Correct Answer: Trunk allowed VLAN list
Explanation: If the trunk doesn’t allow the new VLAN, traffic won’t pass.
Practical Use: Use show interfaces trunk to inspect VLAN allowance.
Why Others Are Incorrect:
- STP affects topology but wouldn’t fully block a new VLAN.
- Routing table is Layer 3, this is Layer 2.
- Port security wouldn’t isolate a whole VLAN.
Objective: VLAN propagation and trunk troubleshooting
Follow-up: What command adds a VLAN to all trunks?

Question 10

Q: What does switchport trunk native vlan 999 do?
- Blocks VLAN 999
- Sets VLAN 999 as untagged
- Disables VLAN 999
- Deletes native VLAN tags

Answer 10

Correct Answer: Sets VLAN 999 as untagged
Explanation: Native VLANs are sent untagged.
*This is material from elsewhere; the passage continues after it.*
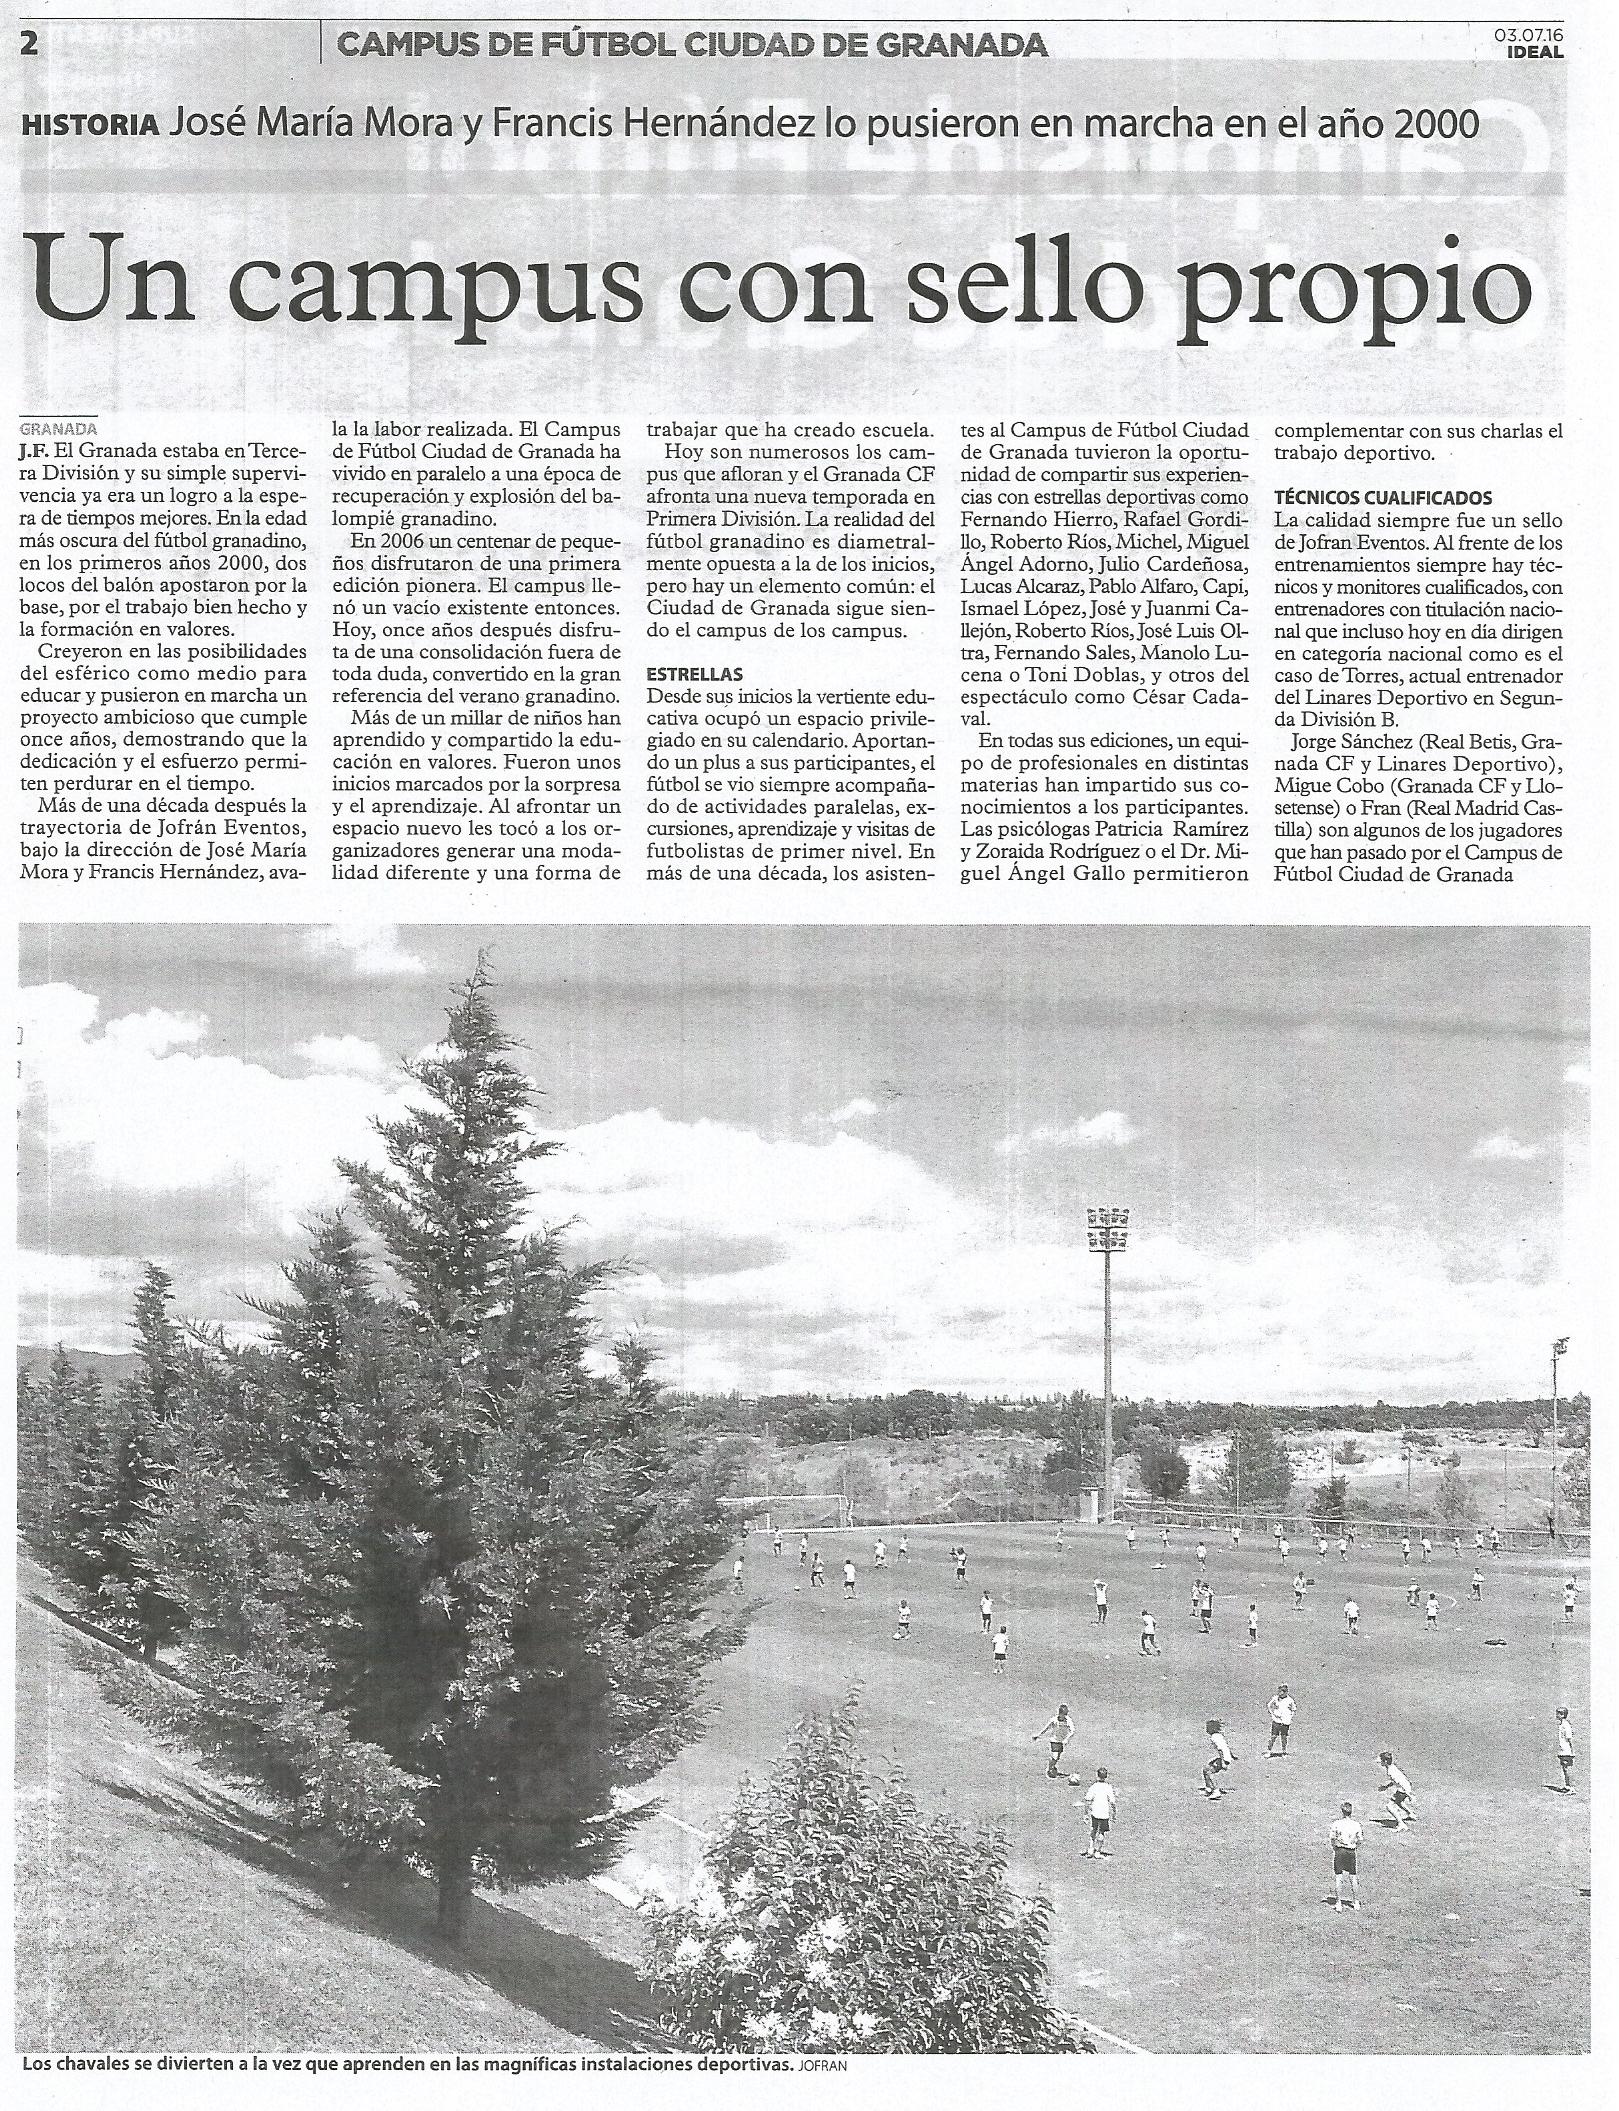 Campus de Fútbol Ciudad de Granada 2

This command sets VLAN 999 as the default for untagged frames.
Practical Use: Helps prevent VLAN hopping attacks by setting unused VLANs as native.
Why Others Are Incorrect:
- It doesn’t block or disable VLANs.
- VLAN tag deletion isn’t a configuration term.
Objective: Native VLAN configuration
Follow-up: What’s a best practice for native VLANs in a secure environment?

Question 11

Q: Which command verifies if a port is in access or trunk mode?
- show ip interface brief
- show interfaces status
- show vlan brief
- show interfaces switchport

Answer 11

Correct Answer: show interfaces switchport
Explanation: This shows whether a port is in access or trunk mode and other VLAN settings.
Practical Use: Use when diagnosing VLAN mismatch or misconfigured ports.
Why Others Are Incorrect:
- show ip interface brief shows IP info.
- show interfaces status shows link/duplex but not trunk/access mode.
- show vlan brief shows port membership but not mode.
Objective: Port mode diagnostics
Follow-up: What section in the output lists trunk status?

Question 12

Q: What happens if two switches have different native VLANs on a trunk link?
- Communication still works
- Loop occurs
- Untagged traffic is dropped or misdirected
- Switches reboot

Answer 12

Correct Answer: Untagged traffic is dropped or misdirected
Explanation: Native VLAN mismatch causes confusion about untagged frames, leading to drops or misrouting.
Practical Use: Set matching native VLANs on both ends.
Why Others Are Incorrect:
- Communication may break partially.
- Loops depend on STP, not VLANs.
- Rebooting doesn’t occur from this mismatch.
Objective: Native VLAN troubleshooting
Follow-up: How do you check the native VLAN on both ends?

Question 13

Q: You configure a trunk with allowed VLANs 1, 10, and 20, but hosts on VLAN 30 can’t talk. Why?
- VLAN 30 is tagged incorrectly
- VLAN 30 is blocked by STP
- VLAN 30 isn’t allowed on the trunk
- VLAN 30 isn’t on the router

Answer 13

Correct Answer: VLAN 30 isn’t allowed on the trunk
Explanation: VLAN traffic not listed in the trunk’s allowed list will be blocked.
Practical Use: Always verify allowed VLANs.
Why Others Are Incorrect:
- Tagging wouldn’t help if VLAN isn’t allowed.
- STP blocks entire ports, not specific VLANs.
- Router is only needed for inter-VLAN routing.
Objective: Trunk configuration troubleshooting
Follow-up: What is the command to modify allowed VLANs on a trunk?

Question 14

Q: What does the switchport mode dynamic auto command do?
- Forces port to access mode
- Sets trunk mode if neighbor initiates
- Enables VLAN tagging
- Disables port security

Answer 14

Correct Answer: Sets trunk mode if neighbor initiates
Explanation: Dynamic auto waits for the other side to initiate trunking.
Practical Use: Helps simplify trunk setup but not recommended for security-sensitive environments.
Why Others Are Incorrect:
- Doesn’t force access mode.
- VLAN tagging occurs during trunking but not triggered by this.
- Port security is unrelated.
Objective: Trunk negotiation behavior
Follow-up: What trunking mode initiates trunk formation actively?

Question 15

Q: What is a typical symptom of a port set to the wrong VLAN?
- Slow performance
- No network connectivity
- Frequent disconnects
- High CPU usage

Answer 15

Correct Answer: No network connectivity
Explanation: Devices on different VLANs without routing can’t communicate, causing total loss of access.
Practical Use: Verify port VLAN assignment using show vlan brief.
Why Others Are Incorrect:
- Wrong VLAN doesn’t cause slowness or CPU issues.
- Disconnects imply intermittent connection, not VLAN isolation.
Objective: Troubleshoot VLAN membership
Follow-up: What command assigns a port to VLAN 10?